### Records for this task
□ □ □ □

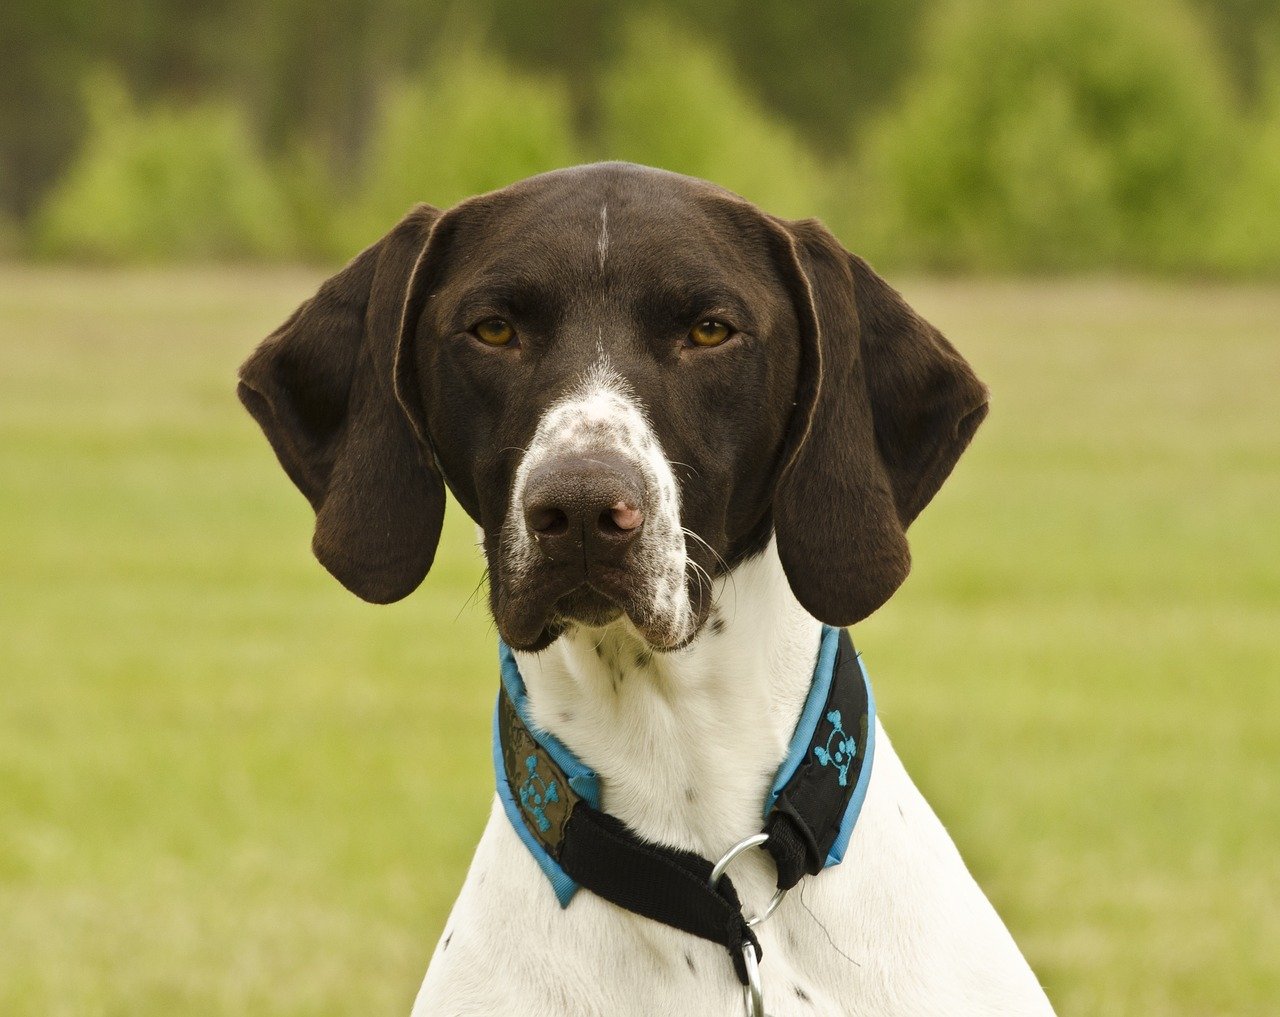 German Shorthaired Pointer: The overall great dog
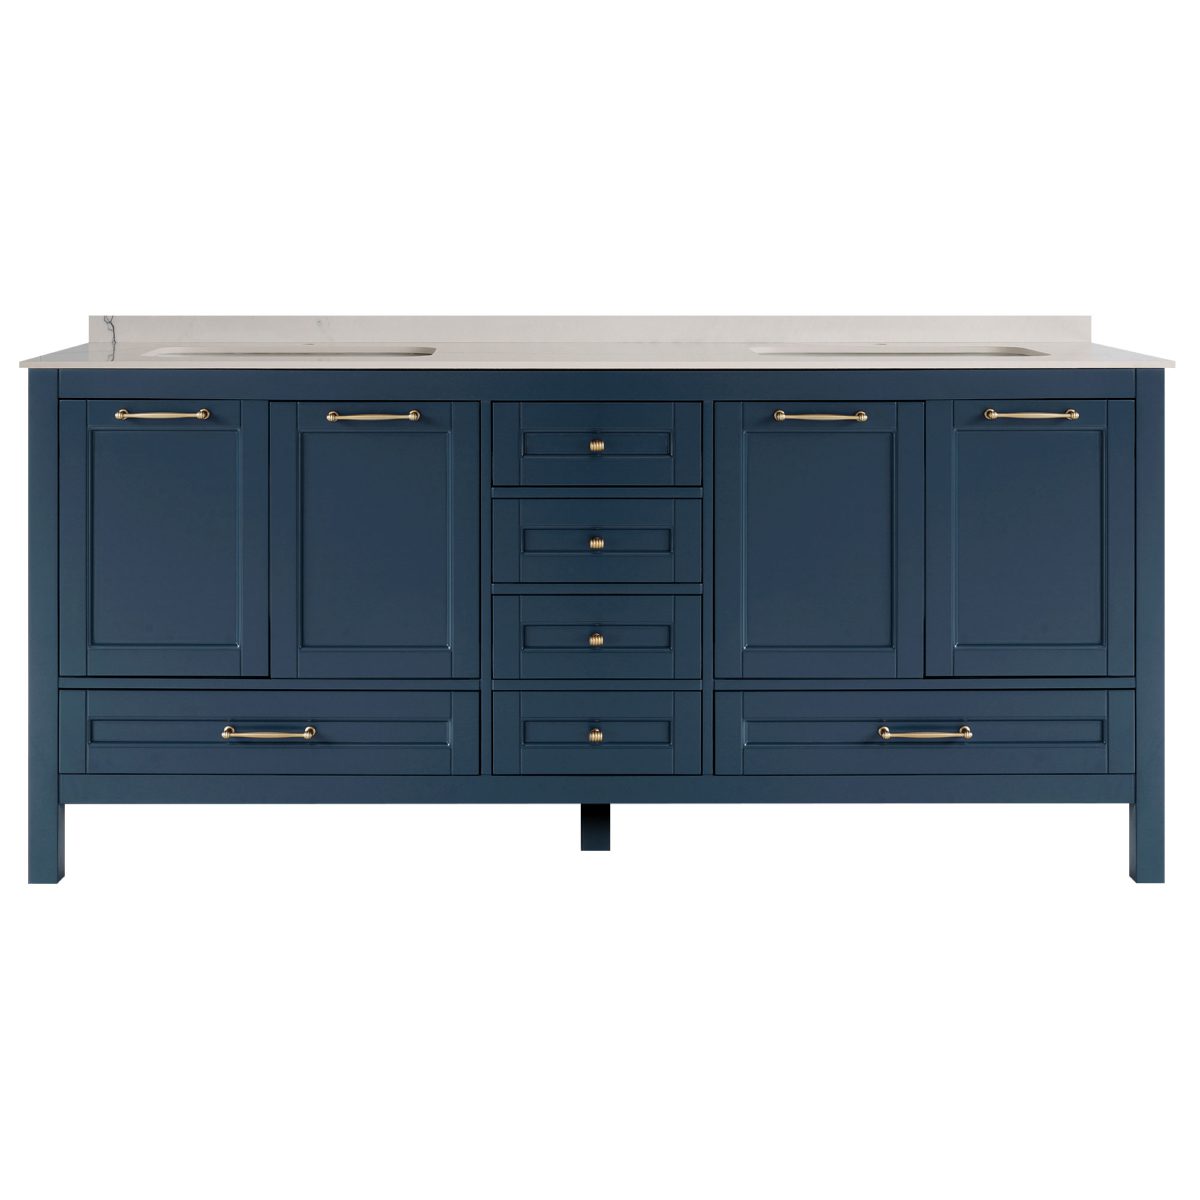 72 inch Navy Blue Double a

□ □ □ □

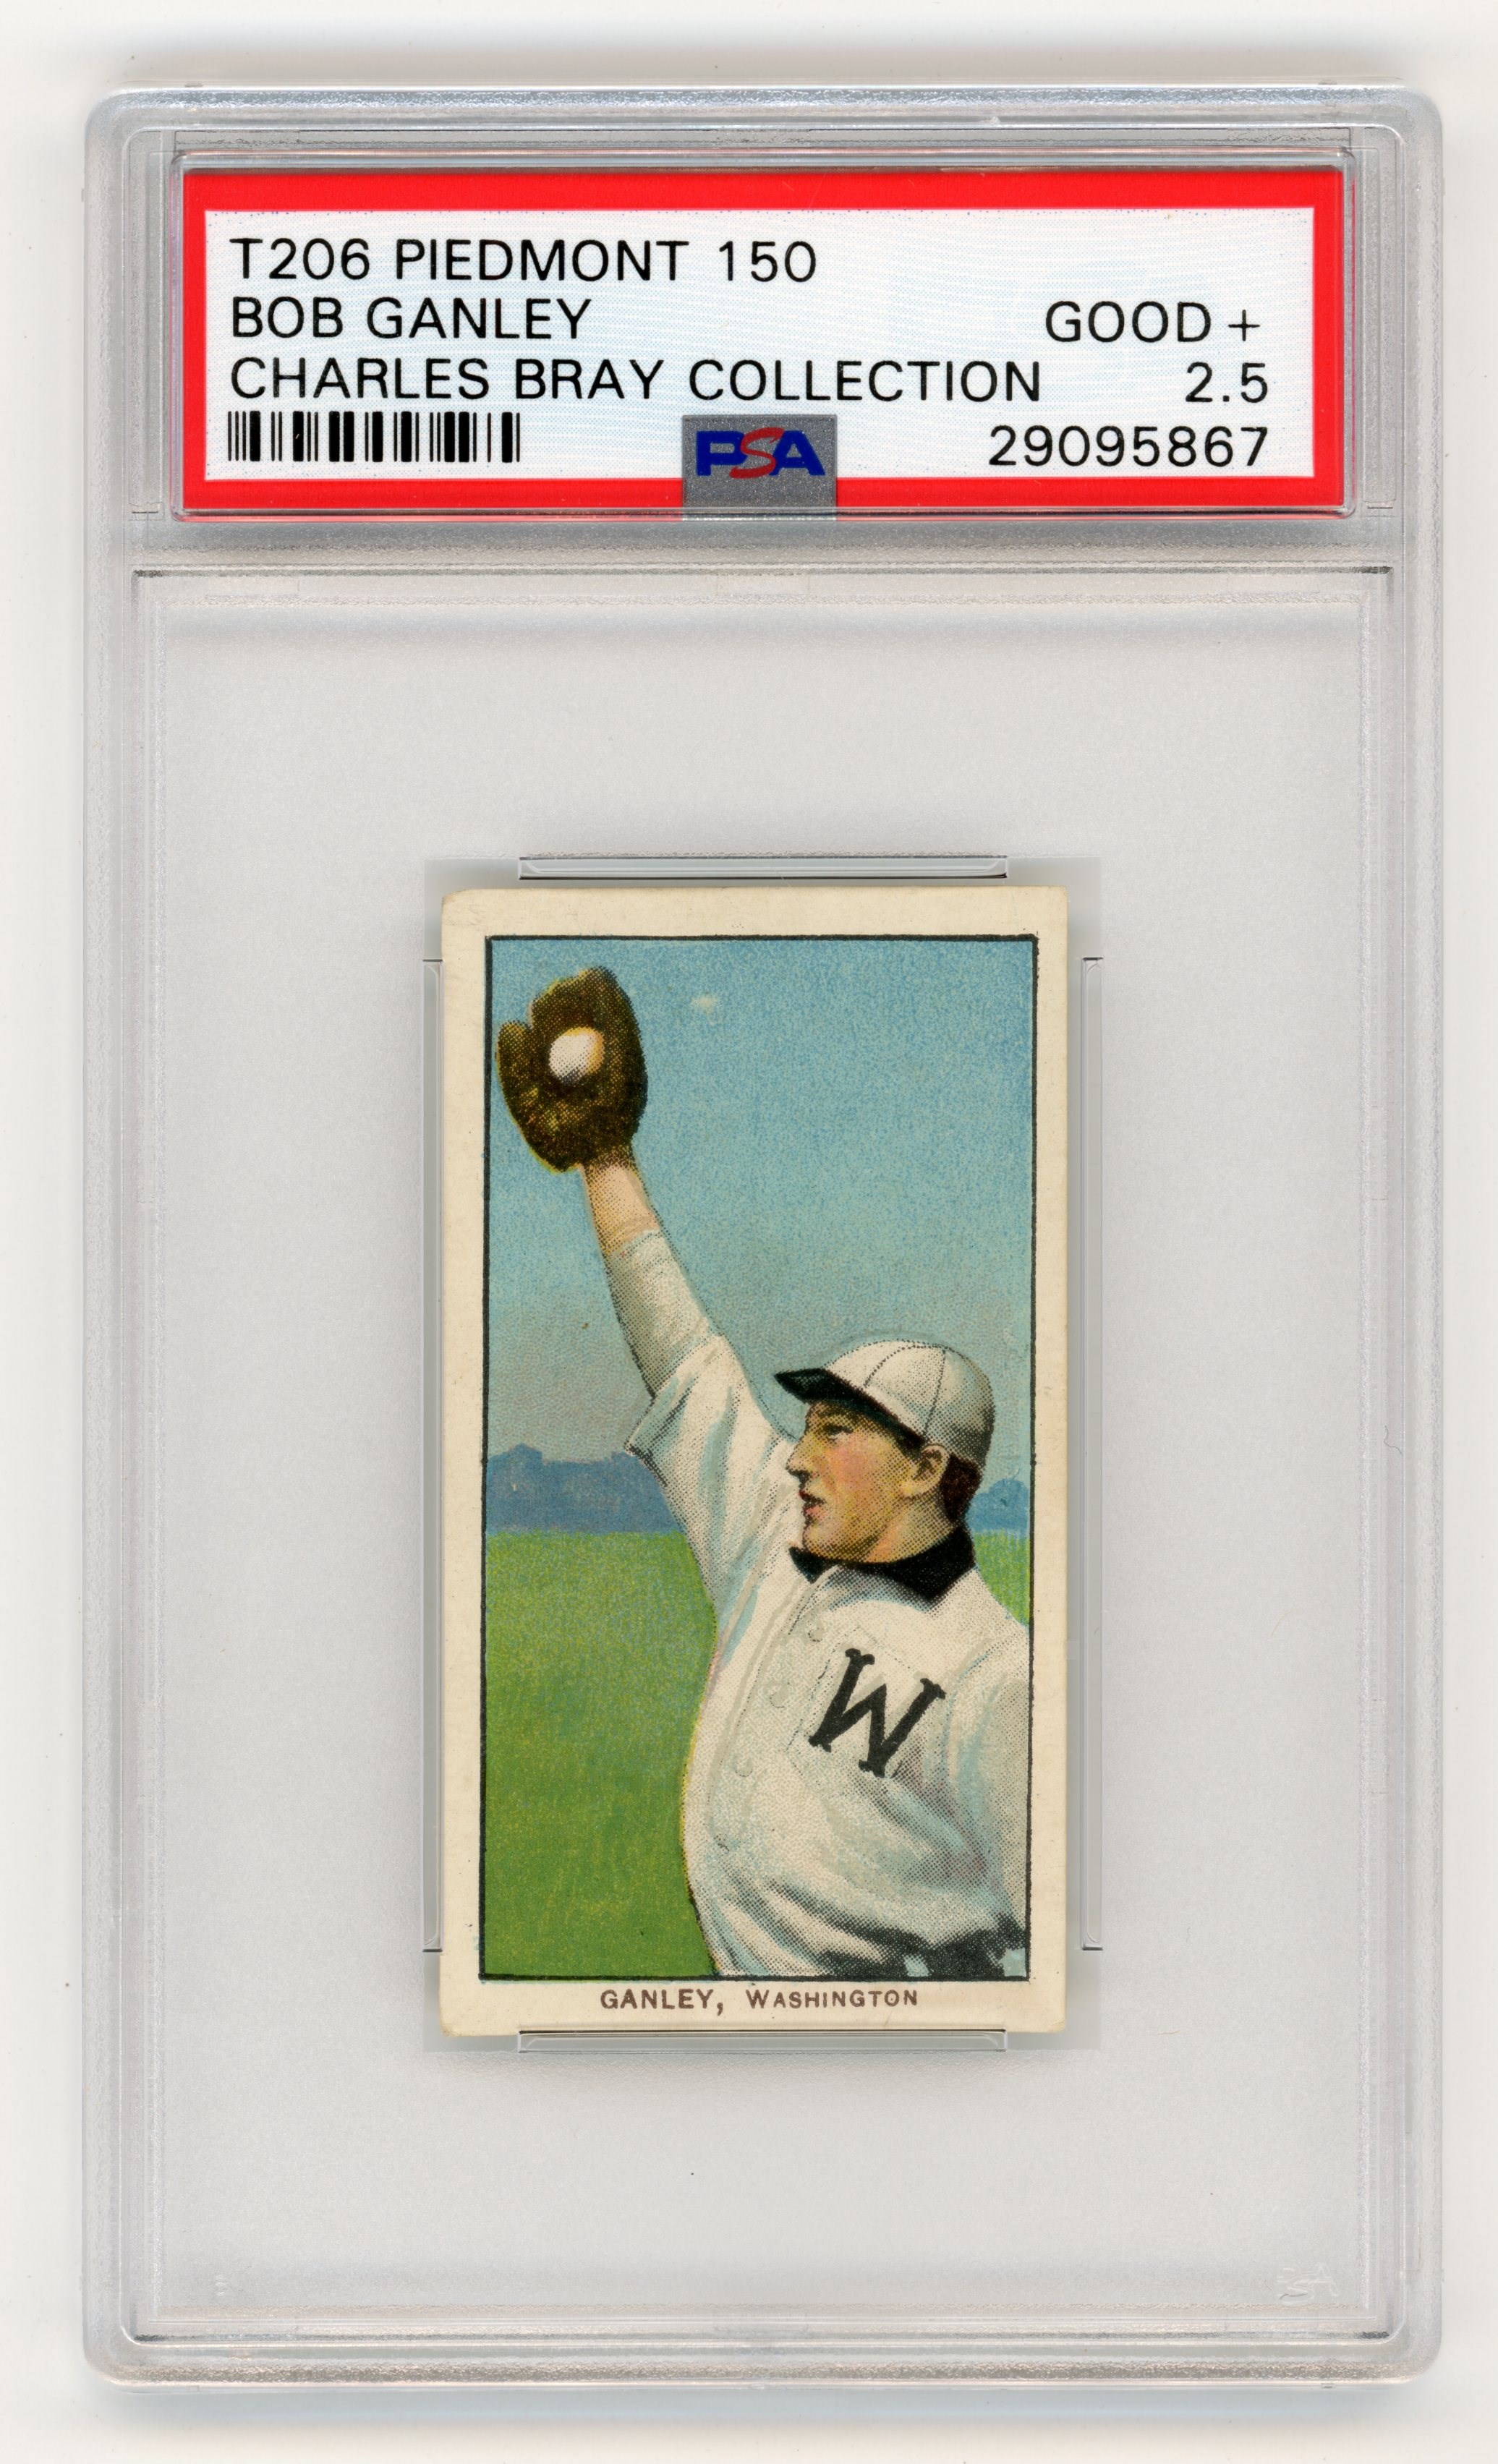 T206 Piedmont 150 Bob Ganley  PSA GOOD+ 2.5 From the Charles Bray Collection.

□ □ □ □

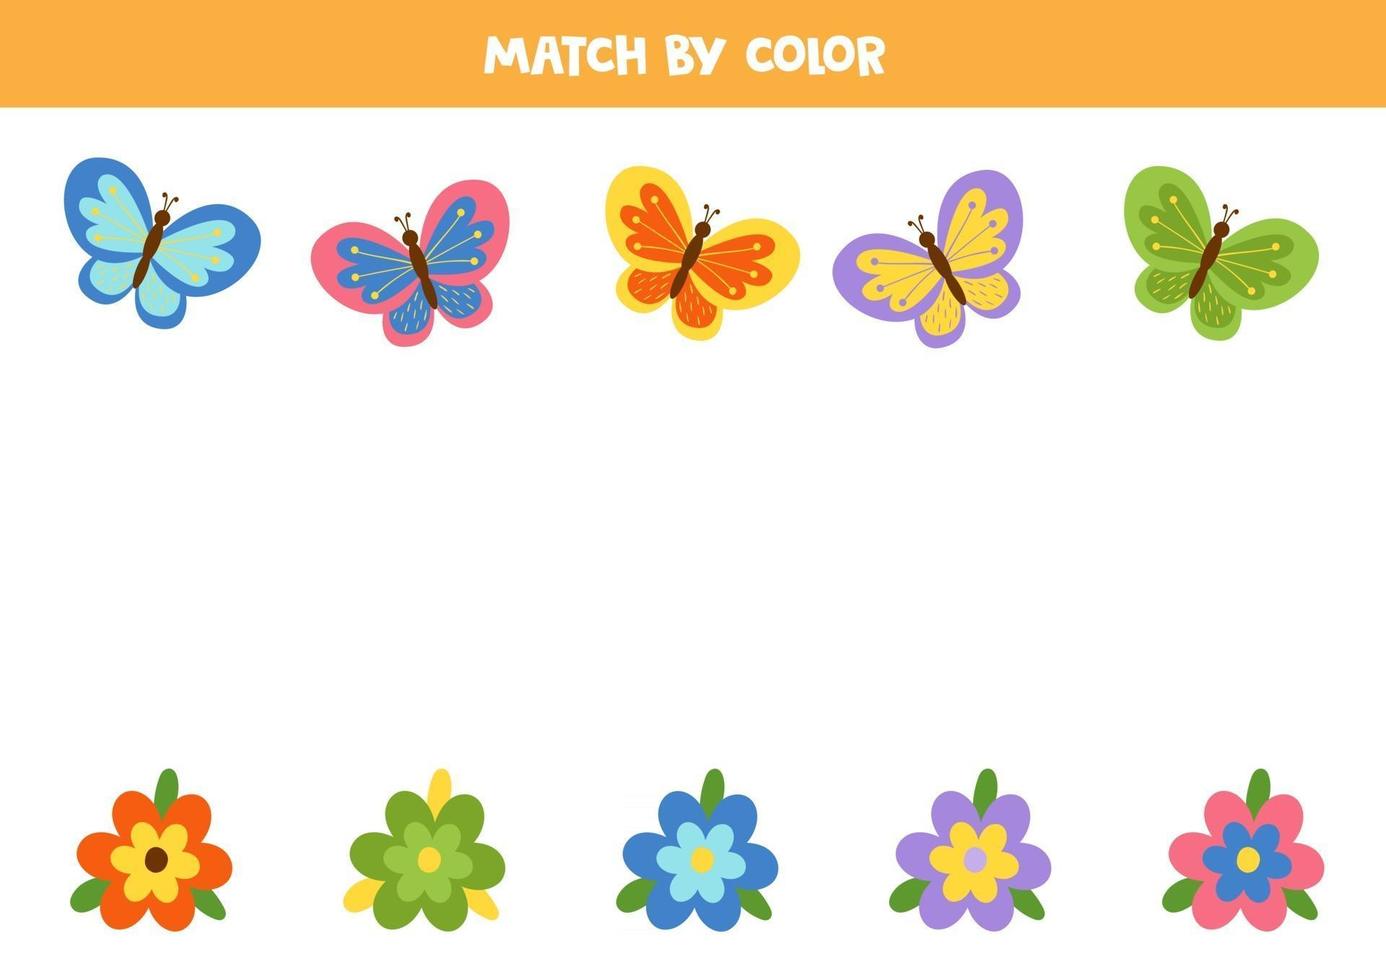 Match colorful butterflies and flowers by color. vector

□ □ □ □

### Directions for this task
The copy should hold only the lines from the one with "German Shorthaired Pointer: The" through the one with "72 inch Navy Blue Double a", exactly as they stand above. Leave out the pictures.

### Result
 German Shorthaired Pointer: The overall great dog
 72 inch Navy Blue Double a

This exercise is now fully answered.